En ABC se publicó que Jorge Luis Borges se está convirtiendo en ciberautor de moda en los Estados Unidos.
Según el artículo, Borges sería el precursor de una nueva generación de
ciberlectores que ya no se conformarían con leer pasivamente, sino que
quieren sentirse parte del libro: "Borges 2.0: del texto a los mundos virtuales es el título de un libro de reciente aparición en los Estados Unidos. Borges y el futuro previsible era el título de un extenso artículo sobre lo mismo, aparecido el pasado domingo en The New York Times.

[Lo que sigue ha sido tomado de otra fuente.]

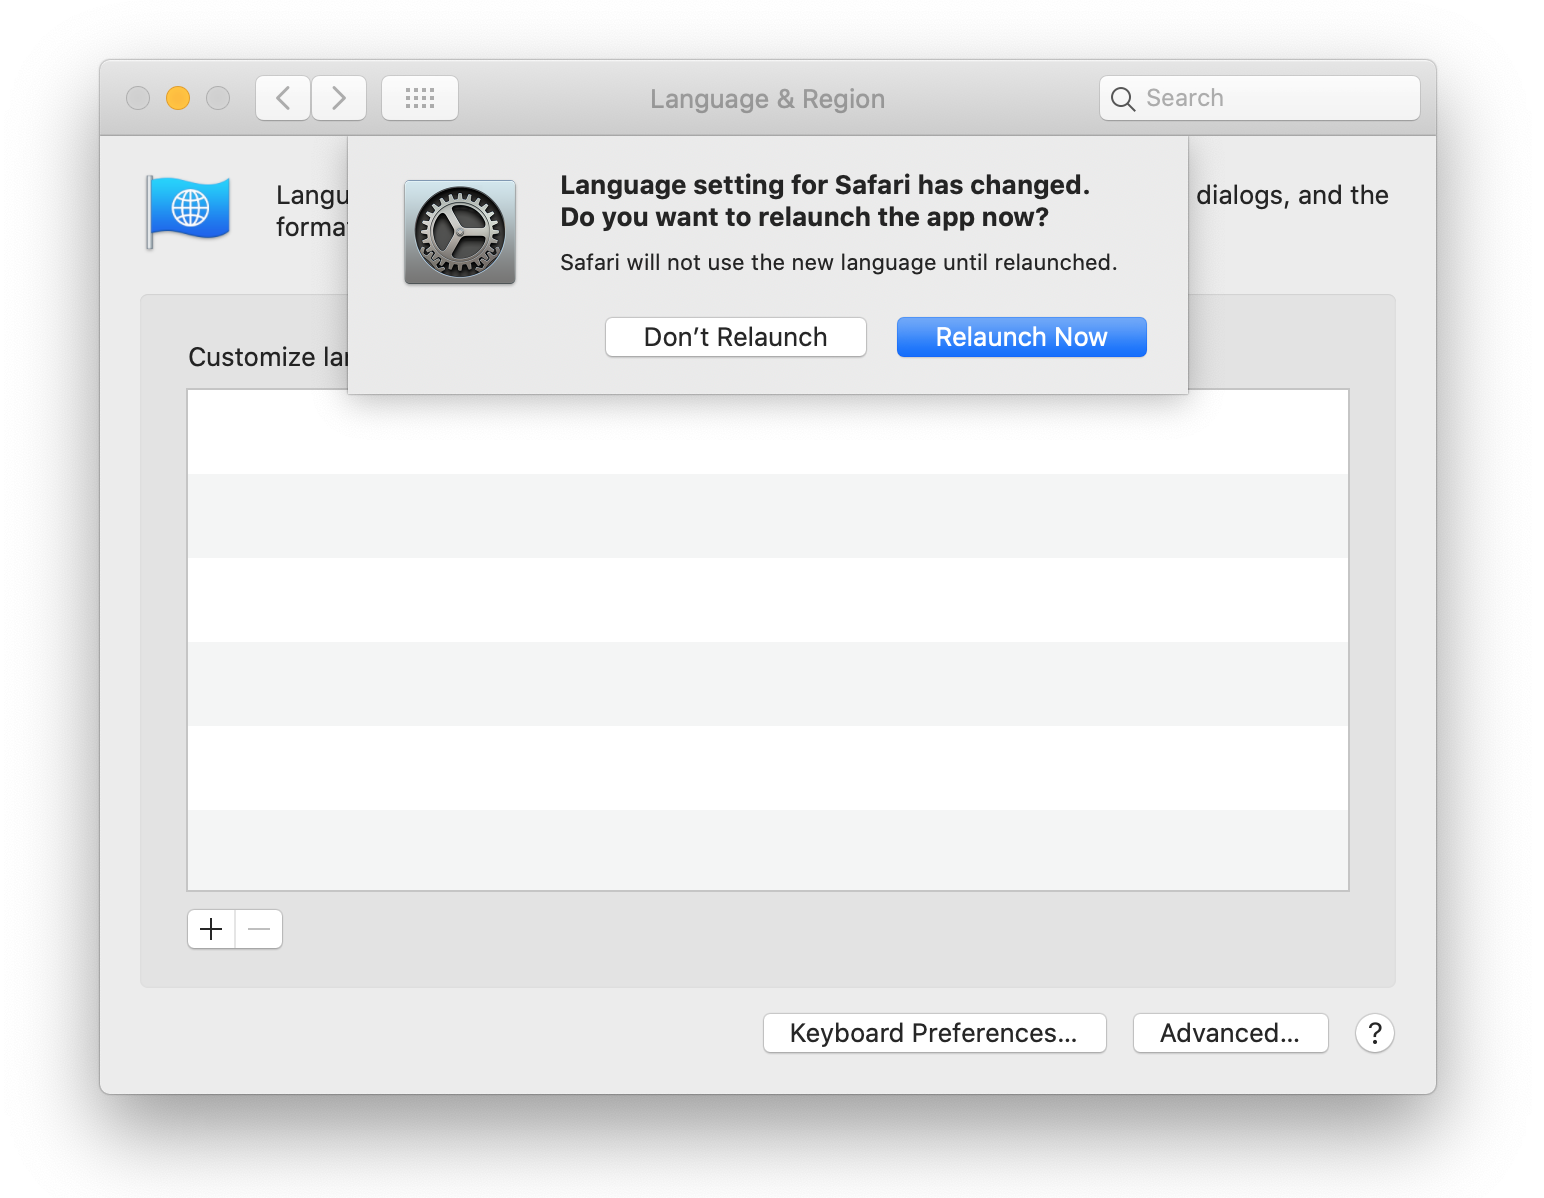 A screenshot of the Mac Language & Region settings open and a window with a message indicating that the language settings for Safari have changed and confirming if the user wants to relaunch the app to applying the new settings. The window includes a Don't Relaunch and a Relaunch Now button.

De un momento a otro se espera que salga también una colección de
ensayos que la Bucknell University Press ha compilado bajo el sugestivo
título de Cy-Borges. Todos dicen lo mismo: el escritor
argentino Jorge Luis Borges fue un visionario de internet. Sus obras
prefiguran la realidad virtual total, las bibliotecas universales, la
lectura infinita e infinitamente personalizada.
El prólogo de la
reedición de Labyrinths, una antología en inglés de Borges, lo ha escrito nada menos que William Gibson..." Conservadores como Borges o Chesterton,
a quien Borges admiraba, vuelven a estar de moda, contra todo
pronóstico: ¿Va a resultar que Borges no conectó con el gran público de
su propio tiempo, y vuelve después de muerto para ser autor de culto de
la cibervanguardia?.
También han hablado de ello en Clarín.
Para Borges, un clásico era "aquel que las generaciones leen con previo
fervor y misteriosa lealtad". Él era un clásico ya en vida. No importa
la excusa para (re)leerlo: pasarán de largo todos los prefijos pre-,
post-, cy- o ciber- y Borges seguirá saludando a las estrellas, inmortal, como el anticuario Joseph Cartaphilus.